Budget Resolutions Should Set Up Deficit Reducing Reconciliation
The Senate Budget Committee has scheduled a markup for tomorrow of their recently released proposed budget resolution for Fiscal Year (FY) 2025, covering FY 2025 through 2034. The budget’s reconciliation instructions to committees allow for up to $517 billion in borrowing, with up to $521 billion in deficit increases allowed for defense and border security measures and at least $4 billion in deficit reduction required. However, the intention is to increase spending by $342 billion after accounting for overlapping jurisdiction of committees charged with increases to border spending, and the accompanying press release stated, “the bill’s projected increased annual spending of $85.5 billion will be paid for by a projected $85.5 billion in reduced annual spending,” indicating the committee anticipates the spending would be fully paid for over the four-year period in which it would be spent.
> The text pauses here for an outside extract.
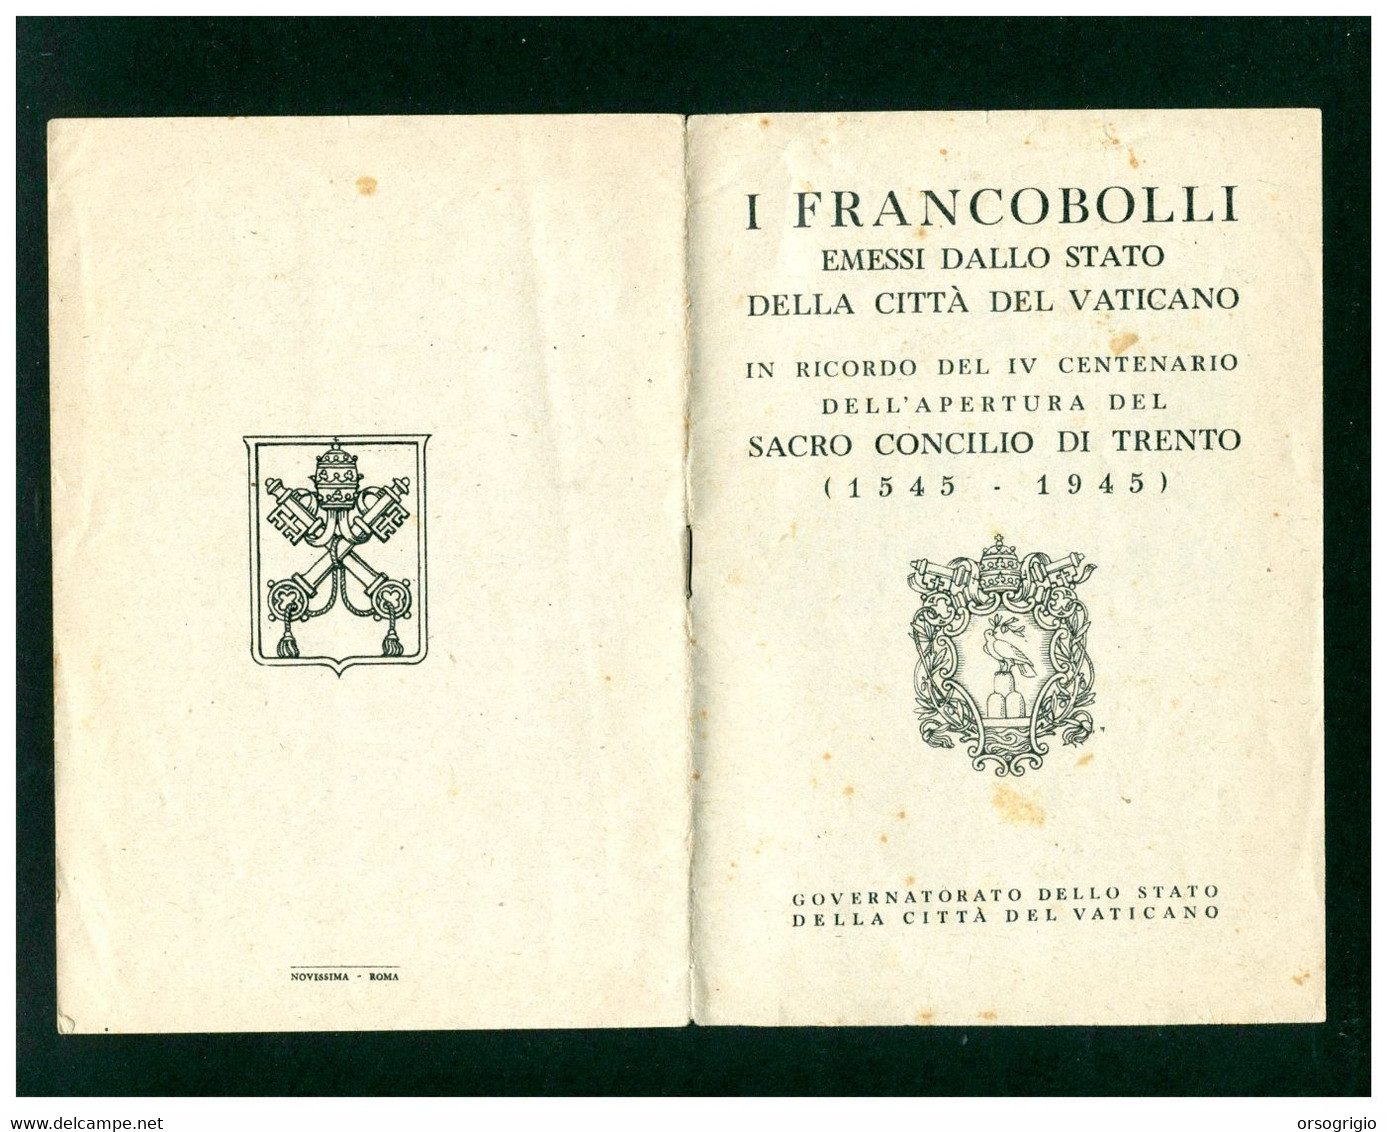 VATICANO - Libretto Dei FRANCOBOLLI EMESSI IN RICORDO DELLA APERTURA SACRO CONCILIO DI TRENTO 1945 - Variétés & Curiosités

Outside of reconciliation, the budget also includes a net $7.8 trillion of deficit reduction over the next decade that would result in the debt stabilizing at its current level of 99 percent of Gross Domestic Product (GDP) by 2034 compared to 117 percent under current law. The deficit reduction would come from $11.5 trillion of unspecified spending cuts reduced by $3.7 trillion of tax cut extensions.
The following is a statement from Maya MacGuineas, president of the Committee for a Responsible Federal Budget:
Given our terrible fiscal situation, it should be obvious that reconciliation should reduce our borrowing, not increase it. While we appreciate that Chairman Graham has signaled the intent to fully pay for all new spending included in the forthcoming reconciliation bill, this commitment should be reflected fully in the contents of the budget resolution. (And as a reminder, with near record levels of debt, even fully paying for something is inferior to also including additional savings for deficit reduction.)
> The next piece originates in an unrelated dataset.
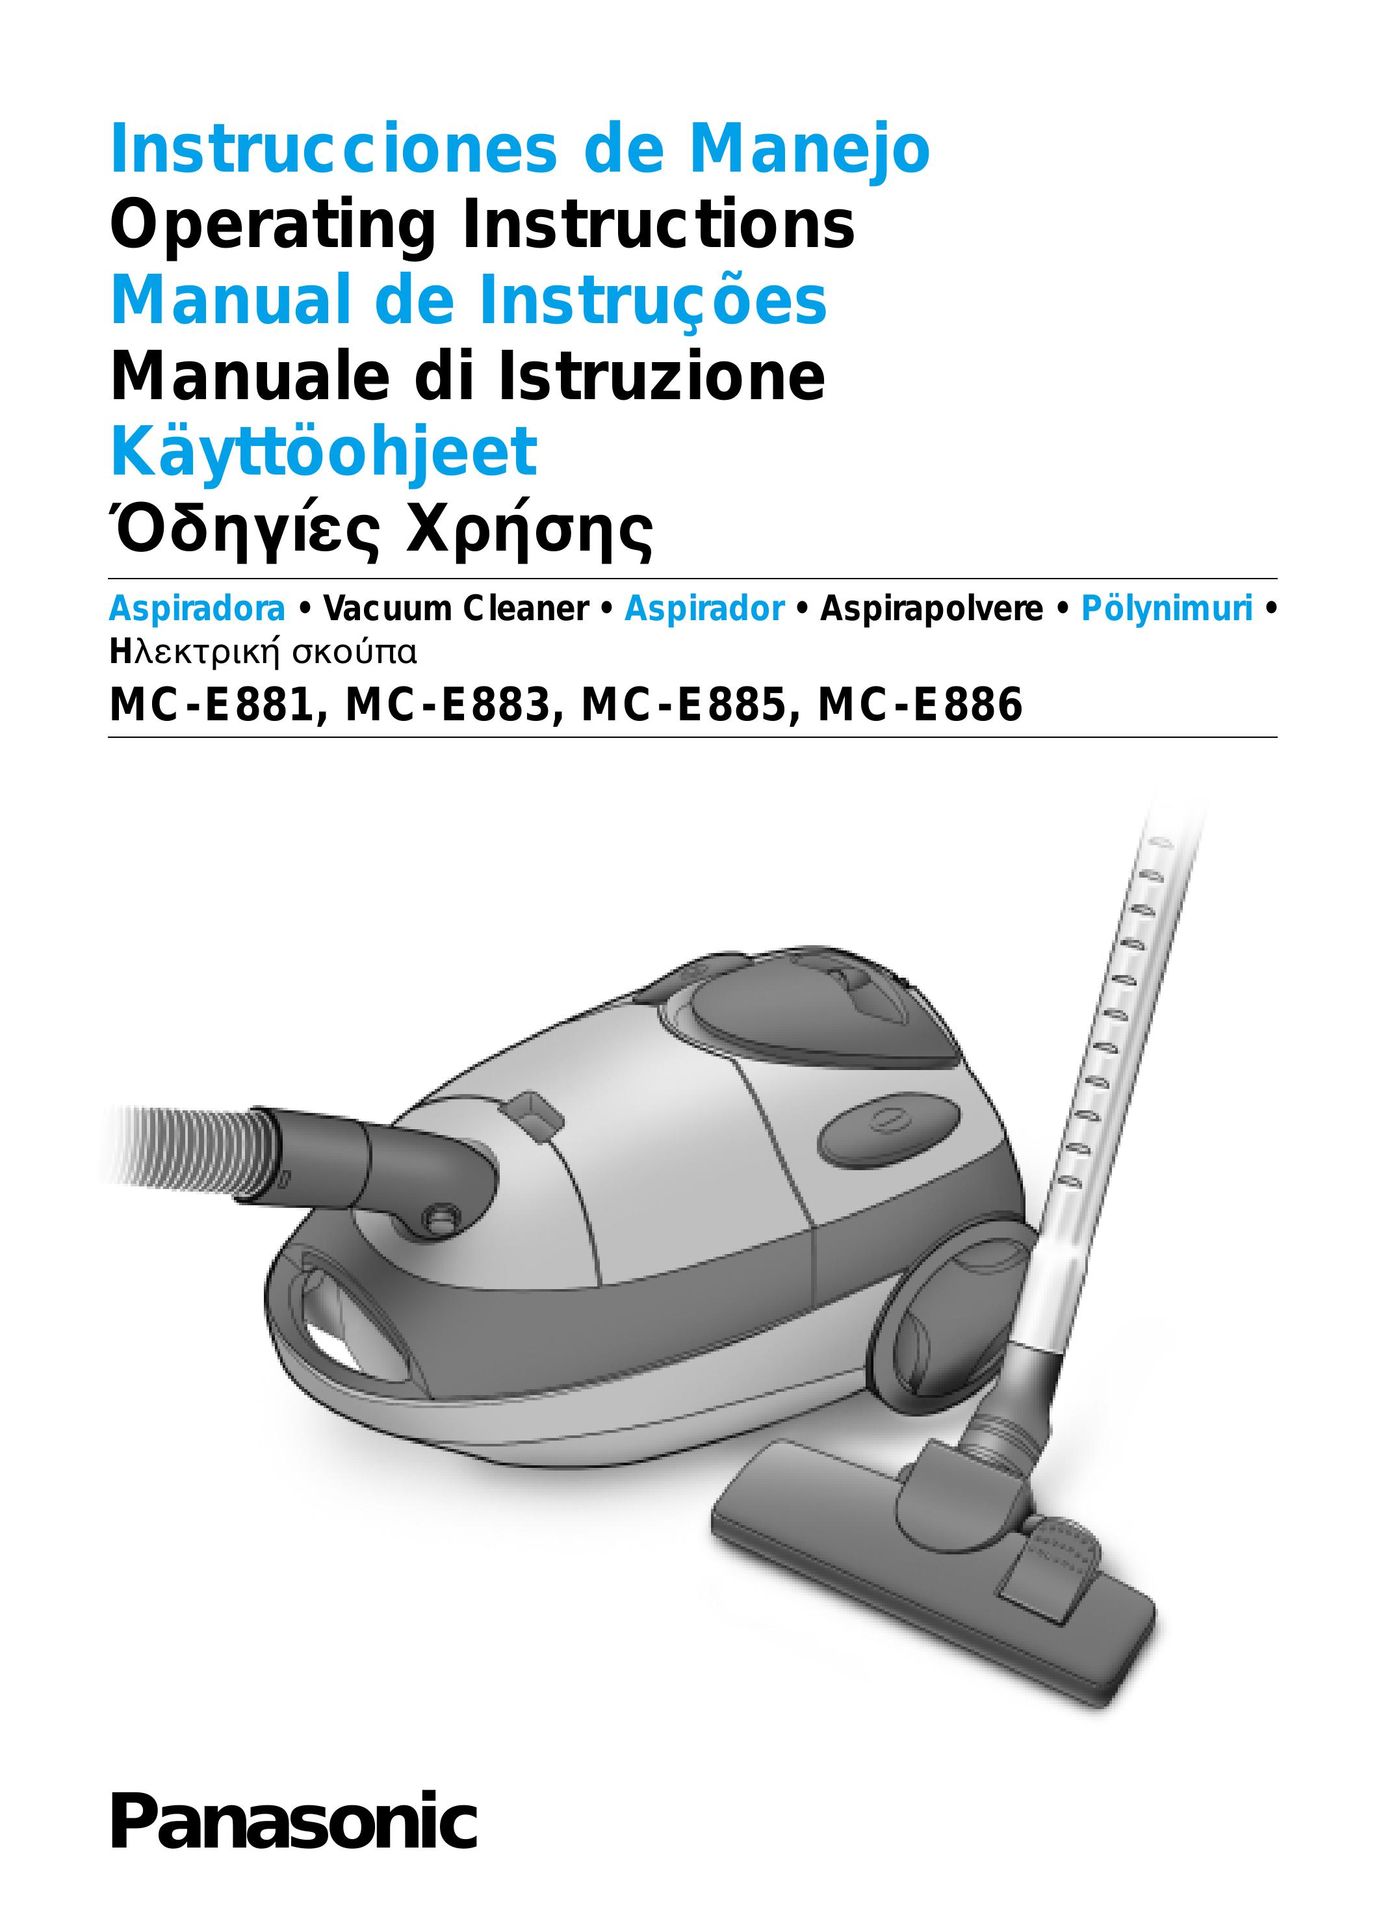 Panasonic MC-E886 Vacuum Cleaner User Manual

First, reconciliation instructions should at the very least not allow any new borrowing rather than hoping that politicians will find more offsets than required, an extremely rare occurrence in budgeting.
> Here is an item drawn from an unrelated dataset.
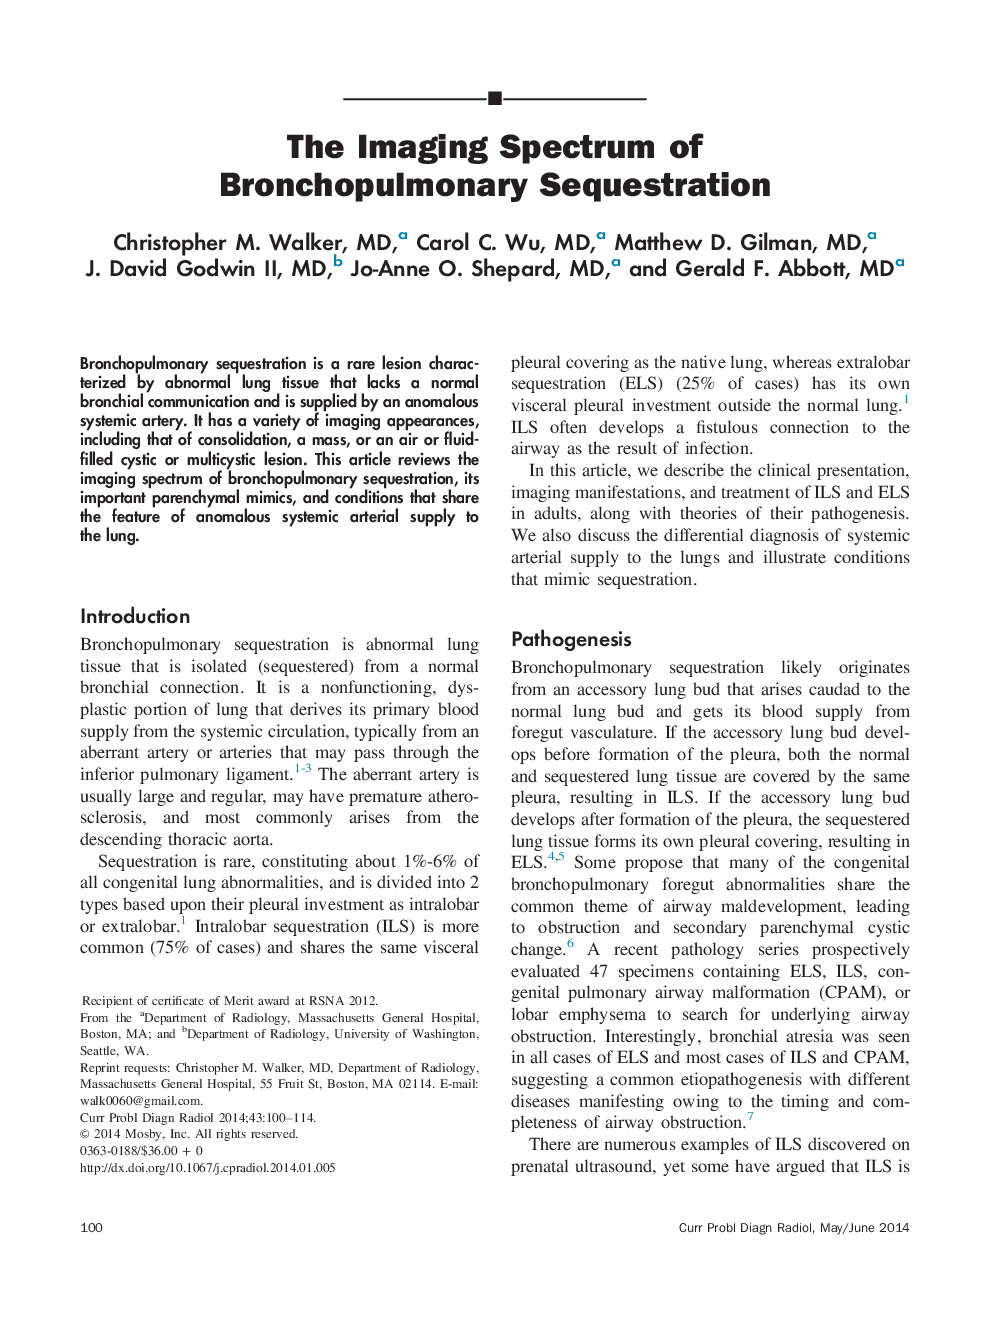 The Imaging Spectrum of Bronchopulmonary Sequestration

Second, the budget should not exempt reconciliation legislation from budget rules for fiscal responsibility, such as PAYGO requirements, and should require deficit-neutrality separately.
Talk is cheap, $342 billion in new borrowing is not.
Though this does not appear to be a serious budget for anything other than reconciliation, we are encouraged that the Senate budget resolution aims to reduce the deficit to 3 percent of GDP and stabilize the debt over the next decade. This is an appropriate fiscal metric, balancing the budget is too aggressive to be realistic, and anything less than 3 percent of GDP deficits will only be a down payment on what is needed.
Still, undermining the credibility of the budget is the fact that essentially all of its savings are unspecified, and that it assumes deficits will drop from $1.9 trillion to $904 billion – a nearly $1 trillion decrease – this year before steadily rising over the next decade and topping $1.7 trillion by 2034. That kind of dramatic drop in the deficit, especially in a single year, is extremely unlikely to happen.
Lawmakers should commit to responsible fiscal goals within their budgets, not just their press releases.